Level 4 brings persistent memory across sessions. The agent needs to store and retrieve state from external systems: vector databases like Qdrant or Chroma for semantic retrieval, key-value stores for structured state, or hybrid approaches. The engineering questions shift again: what should the agent choose to remember, what triggers retrieval, how do you prevent stale memory from corrupting current reasoning, and how do you manage a growing external store without retrieval latency blowing up your response time.
Level 5 is multi-agent coordination. Multiple LLM instances, each with distinct roles, passing work between them. Frameworks like LangGraph and AutoGen target this level explicitly. The complexity multiplies because you now have distributed state, potential deadlocks, and agents that can produce mutually inconsistent outputs without any single node noticing the contradiction. Observability, which is optional at Level 2, is mandatory at Level 5. You need to trace which agent made which decision, with what inputs, and why.
What Building Ralph Taught Me
I’ve gone through most of this progression building Ralph, a Discord bot that started as a simple command handler and has grown into something with autonomous workflows, event-driven processing, and scheduled tasks.
The Level 2 to 3 transition was the expensive one. Once I started letting Ralph execute multi-step tasks autonomously, failures that used to be isolated single-call errors became workflow failures that left state inconsistent. A task that started but didn’t finish, a file that got partially written, a message that went out before the follow-up was ready. I had to build explicit state machines for workflows, with defined failure transitions, before I could trust the multi-step behavior in production.
The Level 3 to 4 transition was architecturally simpler but required new infrastructure. Deciding what to persist, building retrieval that was fast enough not to bottleneck responses, and cleaning up stale state were all solvable problems, but they had to be solved before the memory feature was actually useful rather than just a source of confusing outputs.
I haven’t pushed hard into Level 5 territory yet. The multi-agent patterns I’ve read about, and the LangGraph documentation in particular, make it clear that it requires treating agent coordination like distributed systems work: with explicit contracts between agents, retry logic, circuit breakers for pathological loops, and a clear notion of what happens when one agent goes silent.

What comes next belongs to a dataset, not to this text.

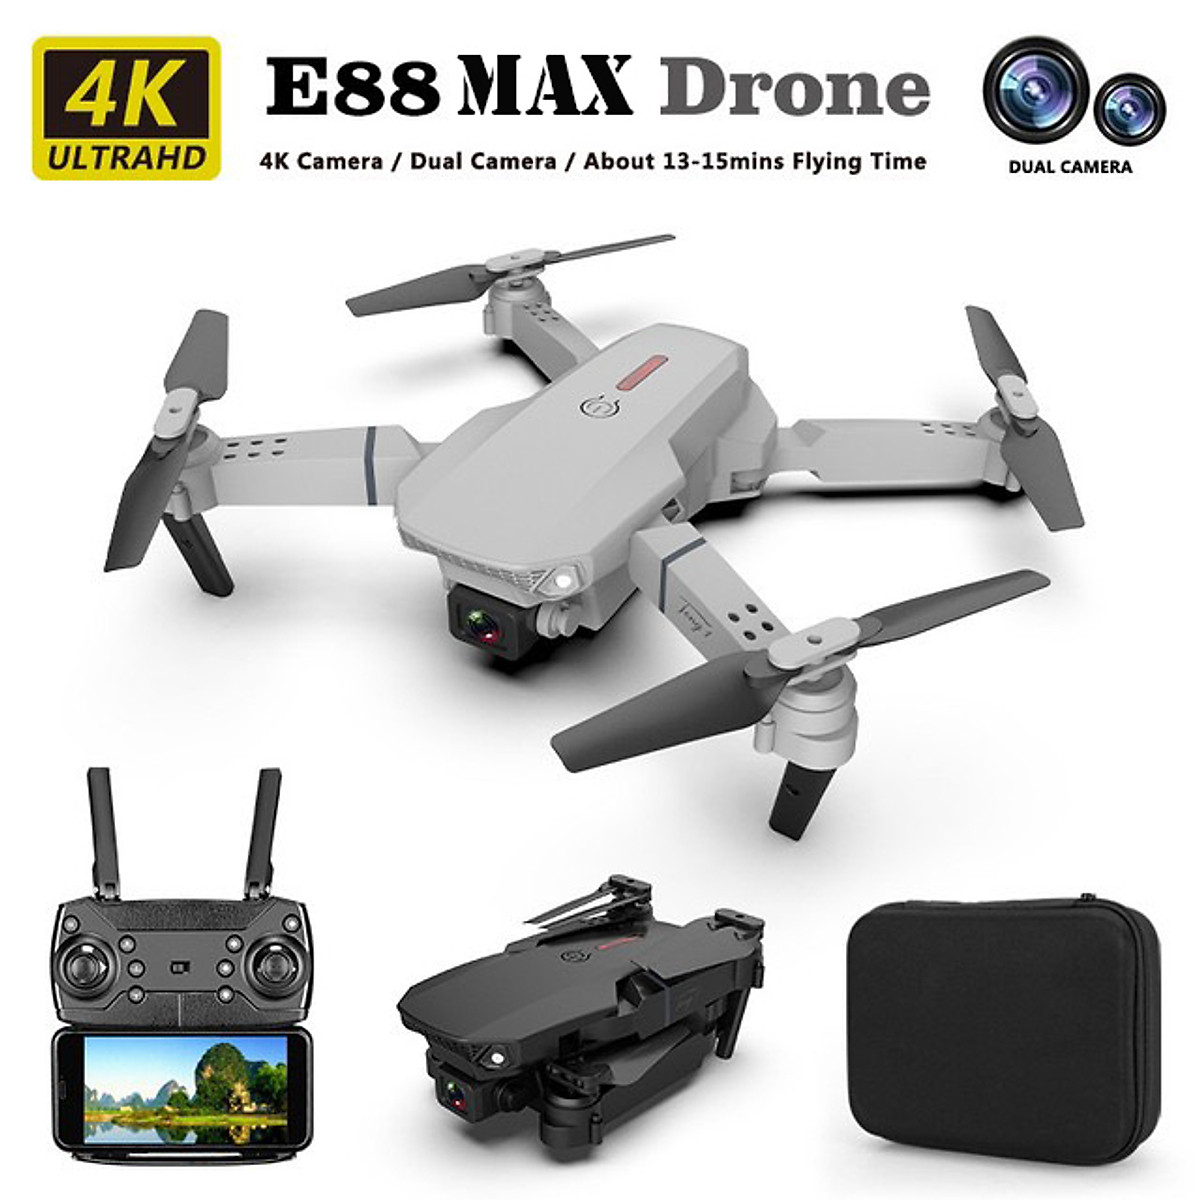 Drone camera e58 - 2 camera, Flycam mini giá rẻ
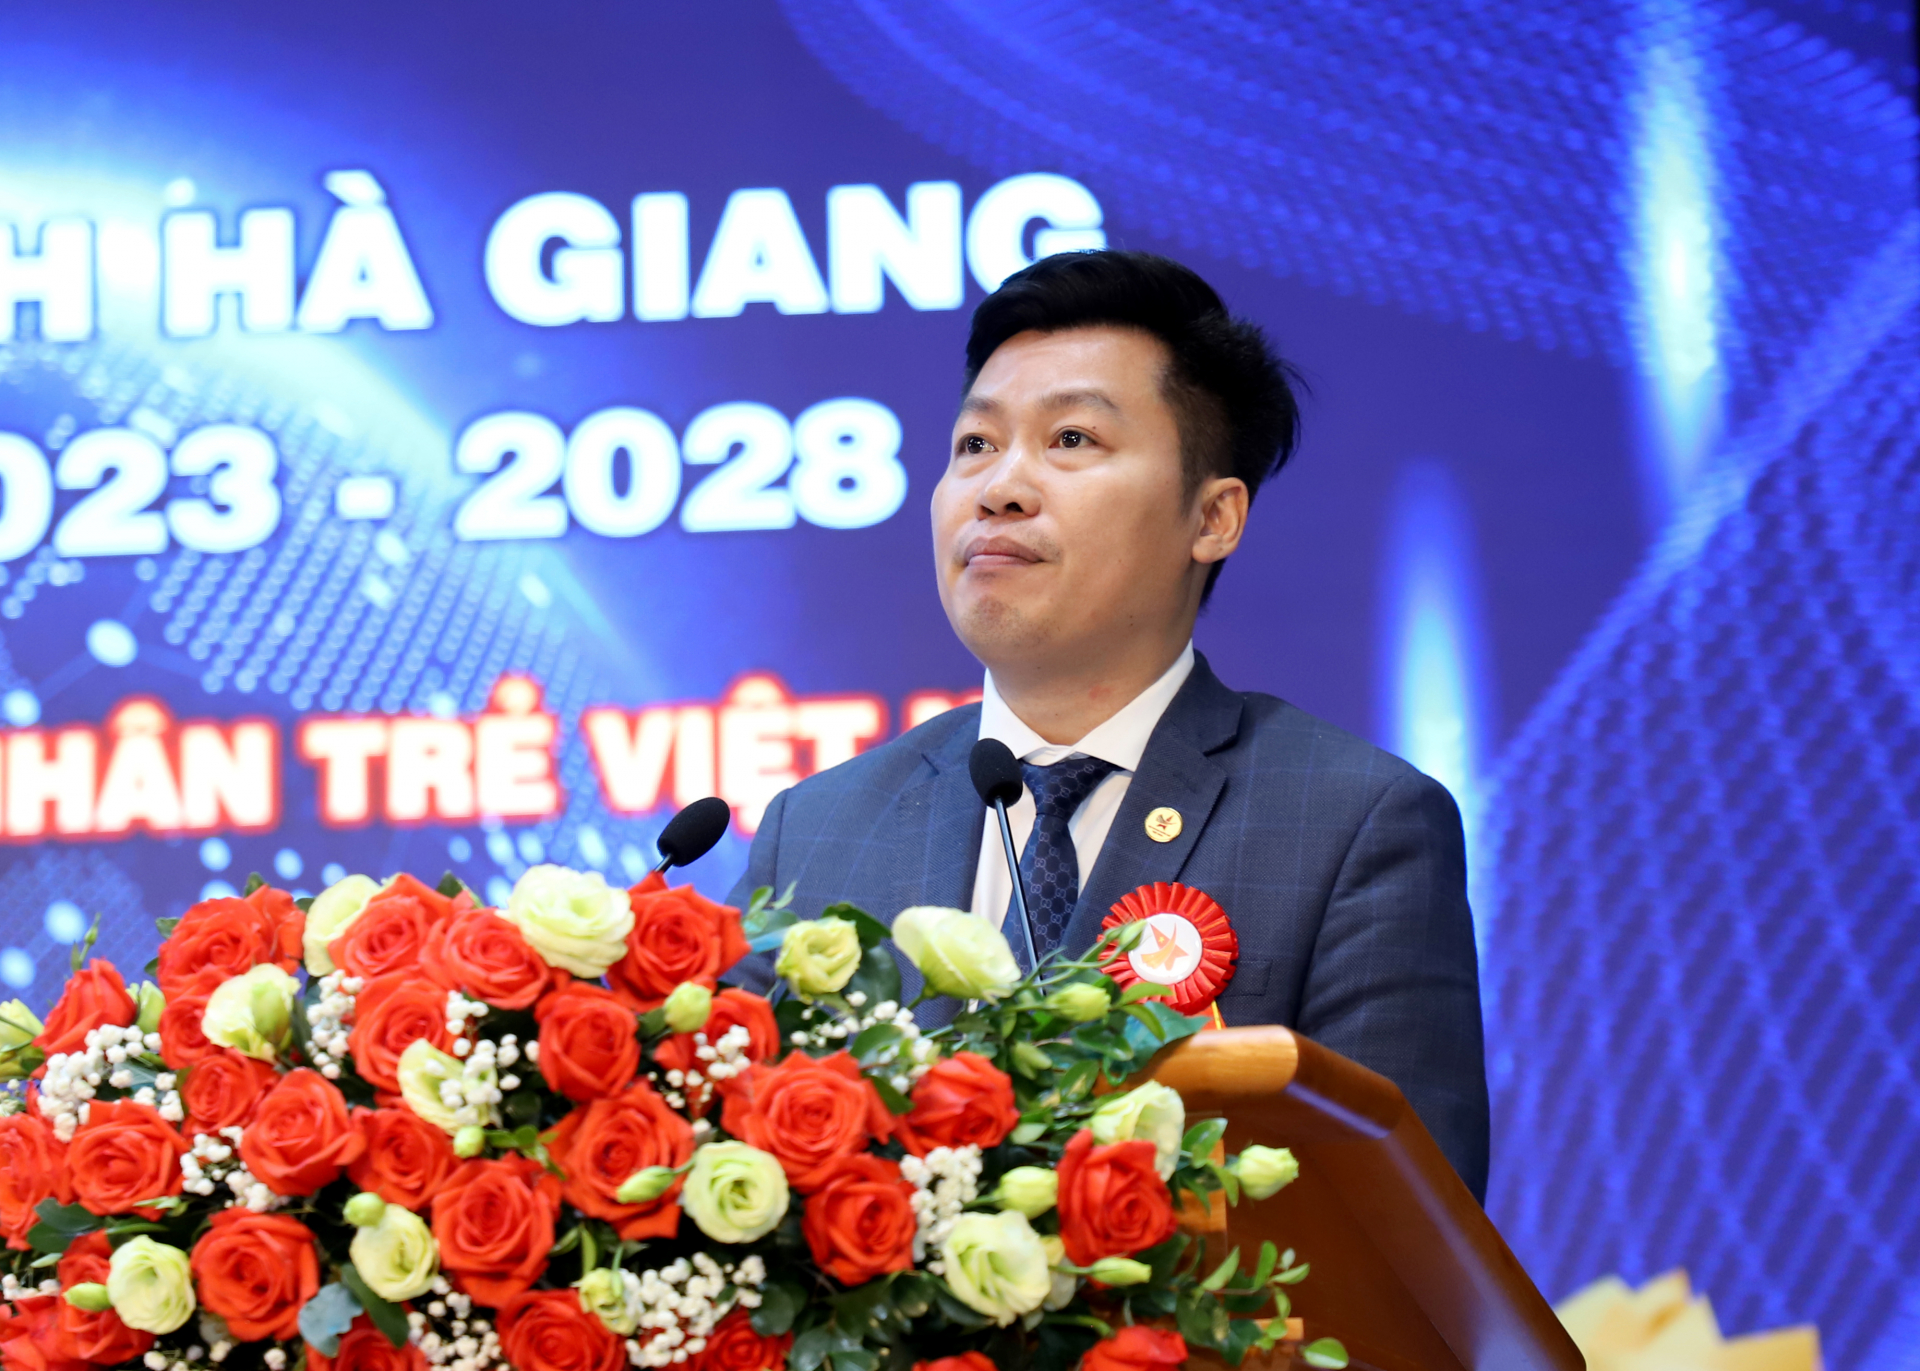 Phó Chủ tịch T.Ư Hội Doanh nhân trẻ Việt Nam Hoàng Công Đoàn phát biểu tại đại hội.

What the Framework Gets Right
The levels taxonomy is most useful as a diagnostic tool. Teams regularly try to build Level 4 or 5 systems without having solved Level 3 problems. The symptom is agents that are impressively capable in demos and unreliable in production. The cause is usually that no one built the error recovery infrastructure that multi-step execution requires.
Having a number to point at helps make that conversation concrete. “We’re operating at Level 3 but we don’t have checkpointing” is a more actionable diagnosis than “our agent is flaky sometimes.” The taxonomy also sets expectations about cost and complexity that are genuinely useful for project planning: Level 3 and above is infrastructure work comparable to building a distributed system, not just a prompting exercise.
The SAE parallel does eventually strain under scrutiny. Driving levels describe a continuous environmental complexity spectrum; agentic engineering levels describe discrete changes in the infrastructure you need to support reliable operation. But as a shared vocabulary for a field that’s still developing its vocabulary, it earns its place.
The HN discussion around Eledath’s post reflected this tension. Commenters pushed back on whether the levels were granular enough, whether the ordering was right, and whether some transitions were more discontinuous than others. Those are all legitimate critiques. The framework doesn’t need to be perfect to be useful, and right now practitioners need a way to talk about this that doesn’t start from scratch every time.